Published in final edited form as: Nat Mater. 2013 May 19;12(8):747–753. doi: 10.1038/nmat3645

Figure 2. Efficient and specific crosslinking with cinnamate-based DNA strands, and the application on colloids.

Figure 2

a) A 10% denaturing gel running in 1× TBE buffer at 55 °C. Lane 1 is the strands A and CS without UV exposure. Lane 2 contains the strands B and CS without UV exposure. Lane 3 contains the strands A, B, and CS without UV exposure. Lane 4 contains strands A and CS exposed to 350 nm UV light for 5 minutes. Lane 5 contains strand B and CS exposed to 350 nm UV light for 5 minutes. Lane 6 contains strands A, B, and CS exposed to 350 nm UV light for 5 minutes. Lane 7 contains strands A and CS exposed to 350 nm UV light for 15 minutes. Lane 8 contains strands B and CS exposed to 350 nm UV light for 15 minutes. Lane 9 contains strands A, B, and CS exposed to 350 nm UV light for 15 minutes. Lane 10 contains the 10 bp DNA Ladder.

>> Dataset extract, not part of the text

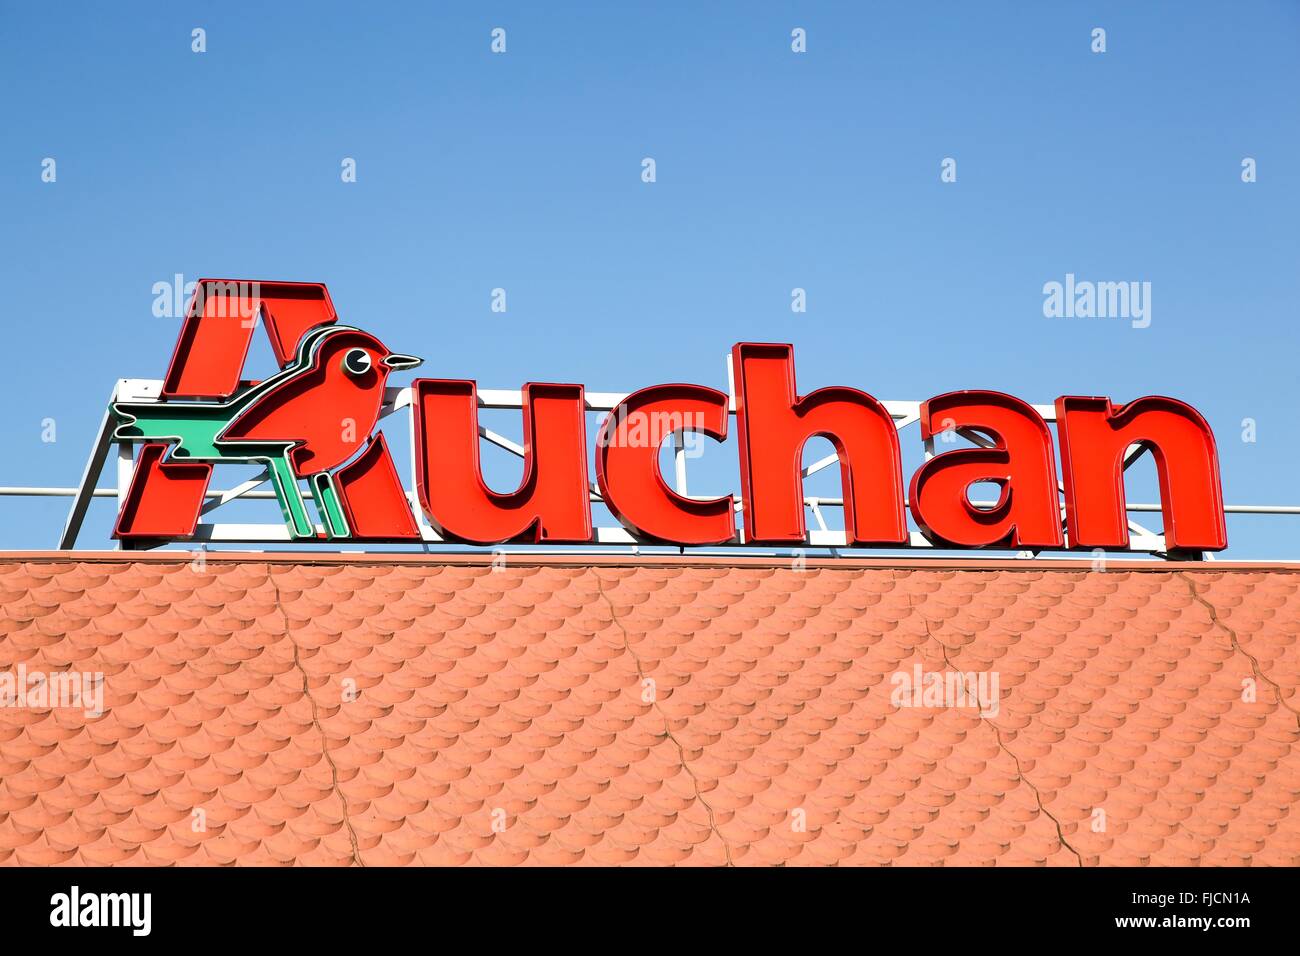 Auchan sign on a roof Stock Photo

b) Micrographs of the aggregation of DNA-coated one micron colloidal particles. Particles are aggregated at 30 °C for one hour, exposed to ∼360 nm UV light for 15 seconds, and then heated to 50 °C for 15 minutes. The left column contains complementary A particles and B particles with cinnamate. The right column contains A-P particles with cinnamate in non-complementary A strands.

c) Fraction of non-aggregated particles as a function of UV exposure time for A particles and B particles (red) and the A-P particles (black) with cross-linkers.